Attackers managed to compromise a 6.4 GB SQL database containing authentication information for the Archive’s registered members, including email addresses, screen names, password-change timestamps, and bcrypt-hashed passwords, according to Bleeping Computer.

However, HIBP says 54% of the compromised data had already been flagged on its service as being exposed in previous breaches. It is currently not known how attackers breached The Internet Archive or if they stole any other data.

SEE: National Public Data Breach: Only 134 Million Unique Emails Leaked and Company Acknowledges Incident

Jake Moore, global cybersecurity advisor at internet security firm ESET, told TechRepublic in an email: “Hacking the past is usually technically impossible but this data breach is the closest we may ever come to it. The stolen dataset includes personal information but at least the stolen passwords are encrypted.

“However, it’s a good reminder to make sure all your passwords are unique as even encrypted passwords can be cross references against previous uses of it.

“Have I Been Pwned is a fantastic free service that can be used after a breach. It securely contains millions of breached usernames and passwords for people to safely check their credentials against the database to check if they have ever been caught up in a breach.

“If you find your data in any known breaches, it would be a good idea to change those passwords and implement multi factor authentication.”

Registered members of the Internet Archive will be able to change their password once the site is back online.

Timeline of this week’s attacks on The Internet Archive

The most recent password change timestamp in the dataset was found to be Sept. 28, which is likely when it was stolen.
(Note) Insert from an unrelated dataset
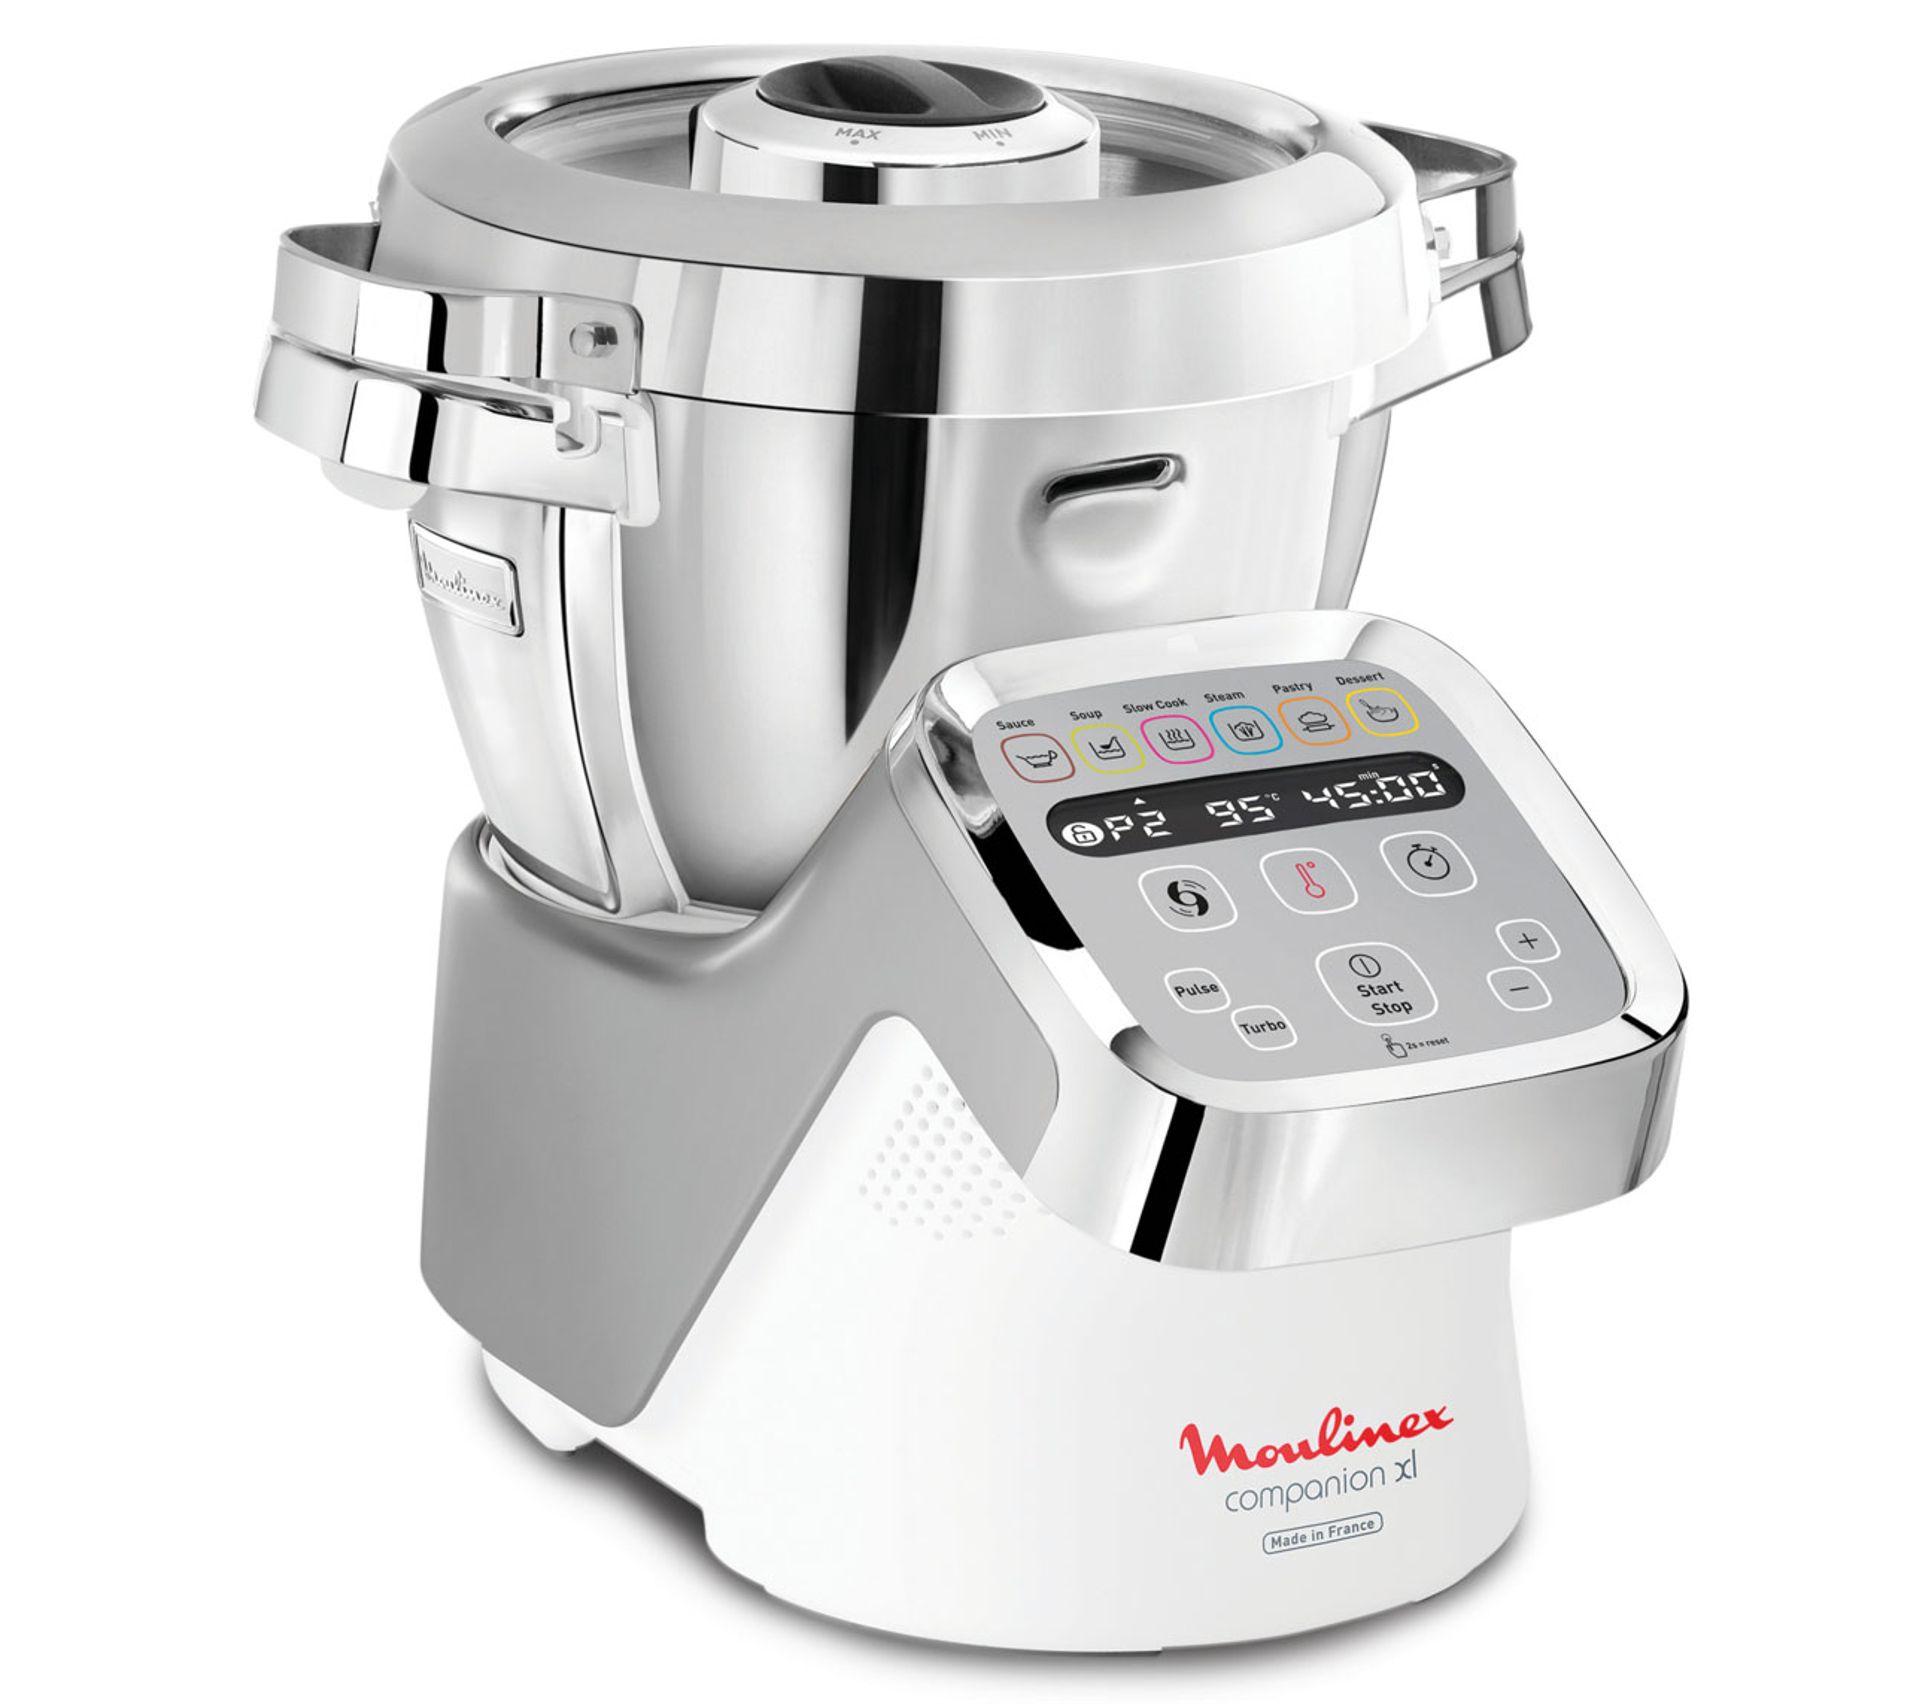 Bon Coin Robot Patissier robot cuiseur - companion xl yy3979fg
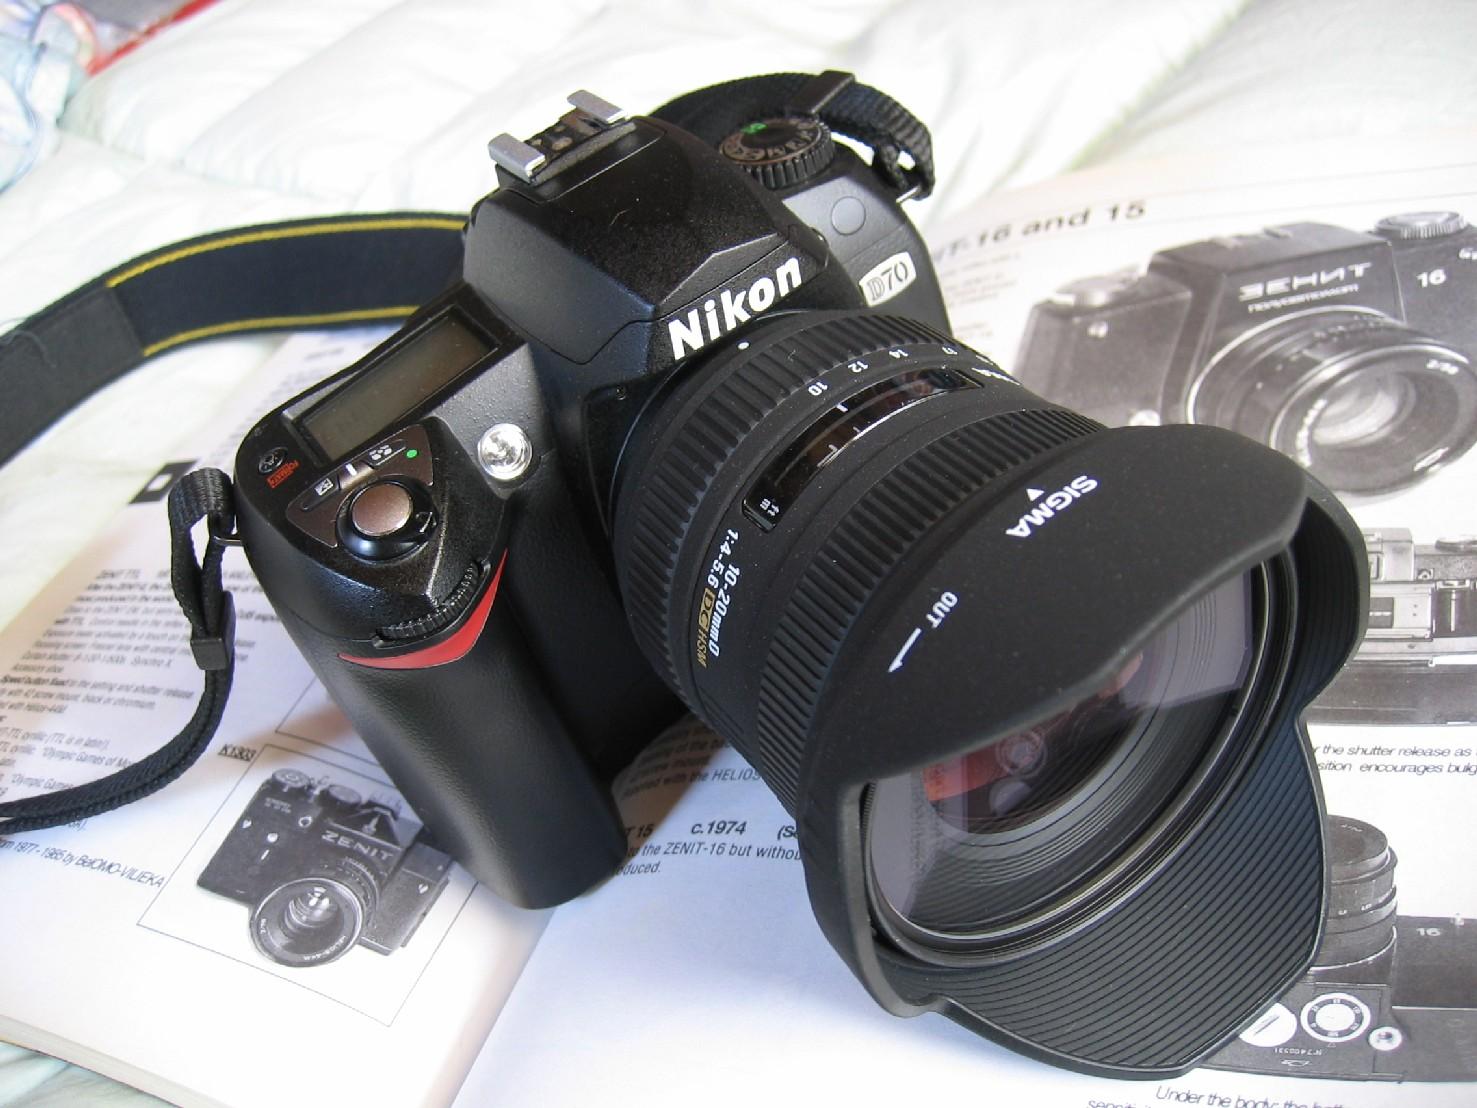 SIGMA 10-20mm F4-5.6 EX DC_b0069128_1439640.jpg

Indeed, HIBP operator Troy Hunt said that he had received the file on Sept. 30 and validated it by matching its data with a user’s account details.

In a post on X, Hunt said he first notified the Internet Archive of the breach on Oct. 6, and that he would load the compromised data onto HIBP within 72 hours. Two days later, the Internet Archive was hit with an apparently unrelated DDoS attack, but this was under control within an hour.

As Hunt began loading the data onto HIPB on Oct. 9, coincidentally, the pop-up started appearing. By 5:30 p.m. ET, both the pop-up and the site itself had been disabled, with some visitors seeing a message stating that “services are temporarily offline” and to visit the Archive’s X account for updates.

According to archivist Jason Scott, the site was also experiencing another DDoS attack. Kahle confirmed the breach and DDoS via X just after 9 p.m. ET. He said the pop-up had been added through its JavaScript library which had since been disabled, and that the second DDoS was being “fended off for now.”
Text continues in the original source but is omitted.